I can shift throught all gears and you can feel it lock into each gear, but it does not move. When I give it gas it acts like it is in neutral and only revs up... Help please??!! :thinking:


----------



## HondaGuy

Will it move in 4wd? If it will move in 4wd but not 2wd then you got a problem with either your rear driveshaft/U-joint or the rear diff/axle. If it won't move in 4wd or 2wd you prob got something broken in the tranny or just a centrifugal clutch that is completely shot. Will the bike try and move at all? Making any abnormal noises when you try and get it to move?


----------



## shbr0522

No, it does not move at all. It used to move about an inch, but mot anymore.


----------



## phreebsd

what year model is the bike?


----------



## HondaGuy

I'm gonna guess its something with the secondary gears or the output shaft, or some stripped splines somewhere. Thats the only thing I can think of if it will shift through the gears and just not move. Unless its just a completely and totally worn out centrifugal clutch, but I've never heard of one being so worn out that the bike wouldn't even try to move at all. At any rate I would say you're gonna have to go into it and do some inspecting.


----------



## shbr0522

the bike is a 2005.


----------



## HondaGuy

The trannys in the 500s are known to be a little weak, but generally speaking they only lose one gear at a time, most always 1st gear too from people reving it up and dropping it into gear.


----------



## rubiconrider

500FGA? thats a rubicon right? if so, is could be that the transmission oil pump chain fell off. quite common from what i hear. its not a catastrophic problem if you have a little mechanical knowledge. gotta UN-bolt the front diff and slide it forward to separate the front driveshaft. then get the oil tank outta there, shift linkage, then remove front cover and clutch(need the tool for that one). then should be right there. chain will be laying below. they don't put a tensioner on that chain so it stretches over time and falls off. some guys put it back on and go with that but i would recommend getting a new one so it doesn't fall off again. the reason that the bike wont move is cuz its a hydrostatic clutch and it don't work with no oil pressure. that's just a suggestion, i would get your trans oil pressure checked to be sure.


----------



## redriders250r

check the clutches first their cheaper


----------



## tacoma_2002

Gotta have more to go on!

When did it stop pulling? what were to doing when it started acting abnormal?

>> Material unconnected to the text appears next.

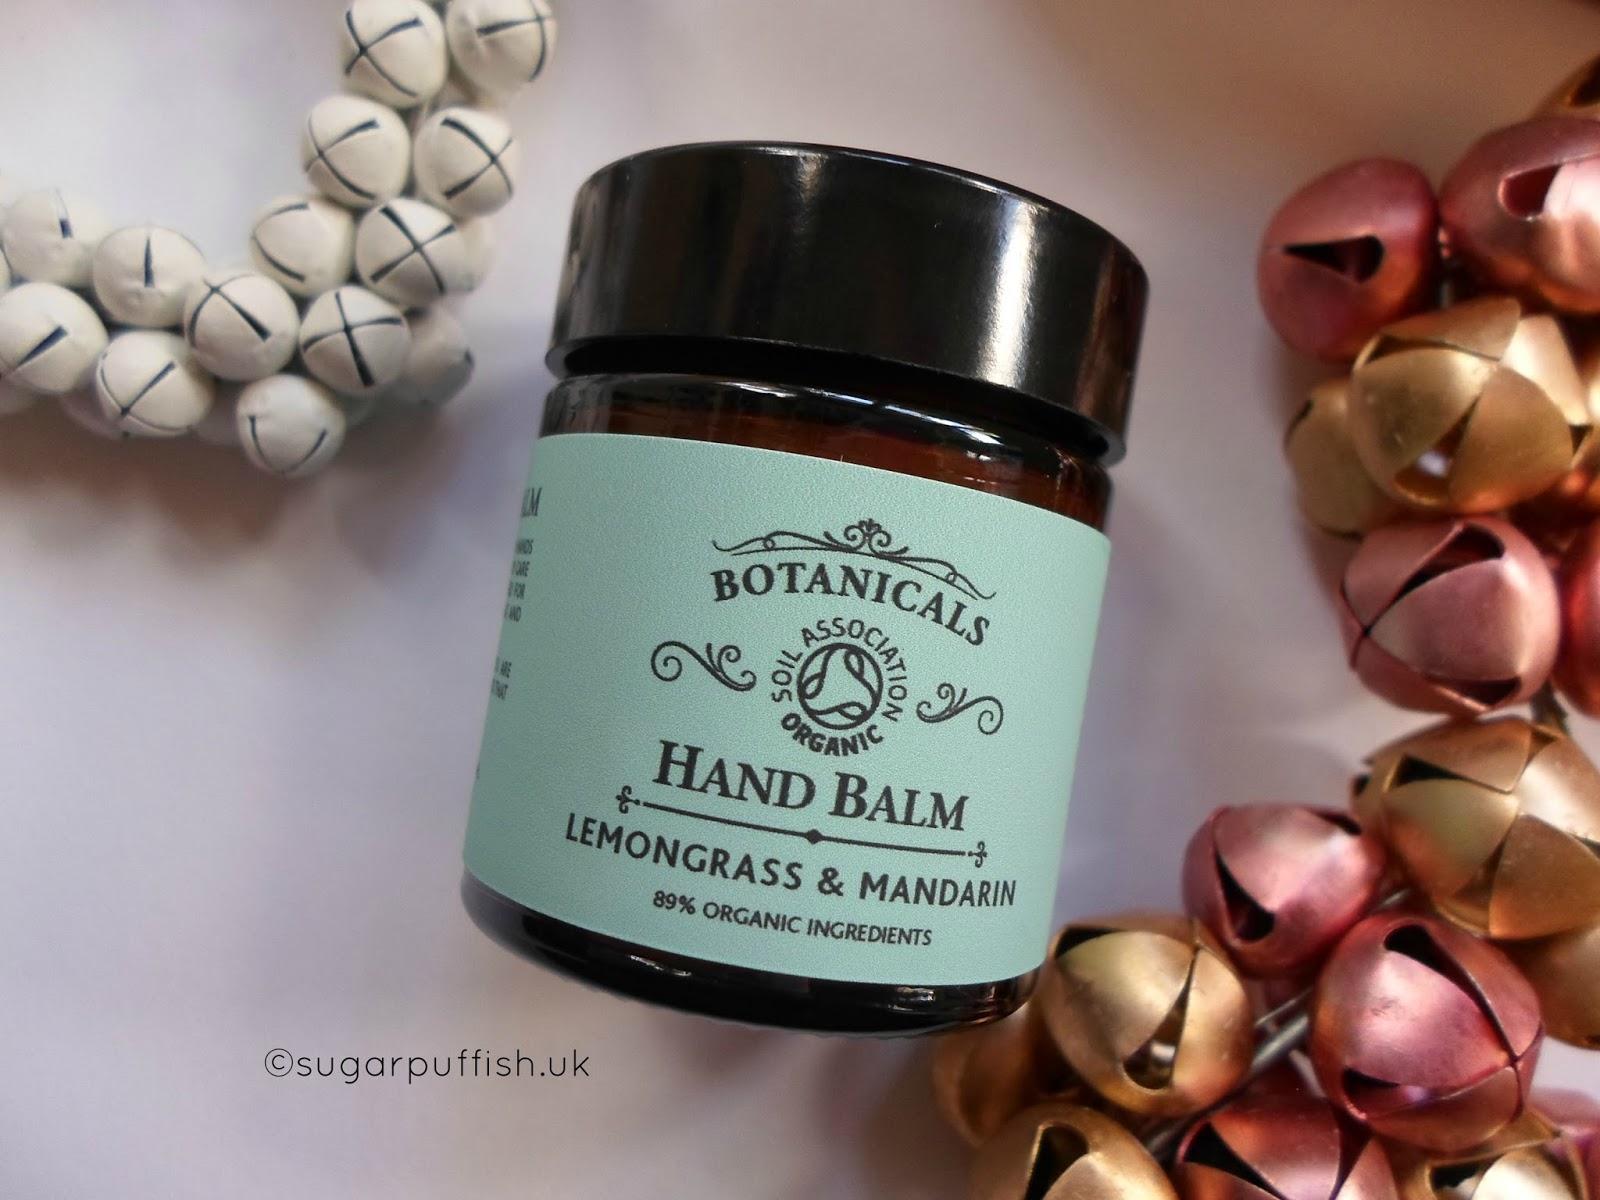 Botanicals Lemongrass & Mandarin Revitalising Hand Balm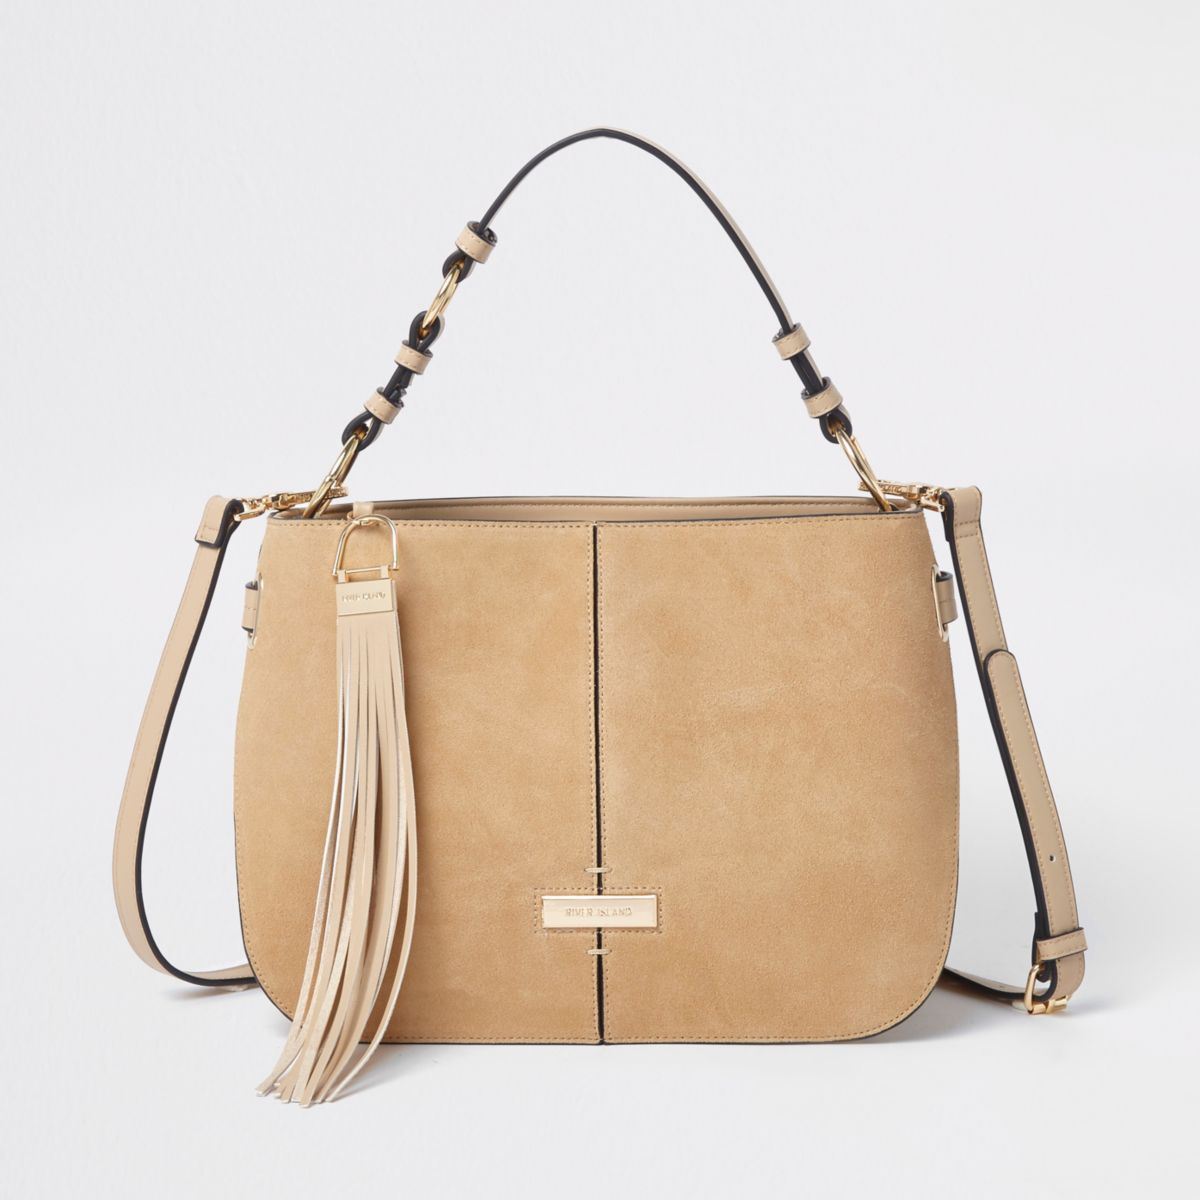 Cream suede tassel leather cross body bag

Did you buy the bike broken? 

details, details, details...

If not yer just gonna keep getting different answers of things it might be.


----------



## Grizzlybear700

I have a 05 rubicon and my buddy was rideing it and ran into the back of someone and then bike will go in gear but will not move what could it be


----------



## Jpfeffer

shbr0522 said:


> I can shift throught all gears and you can feel it lock into each gear, but it does not move. When I give it gas it acts like it is in neutral and only revs up... Help please??!! 🤔


My 2016 atv same model is doing the exact same thing. Did you ever figure out what the problem was?


----------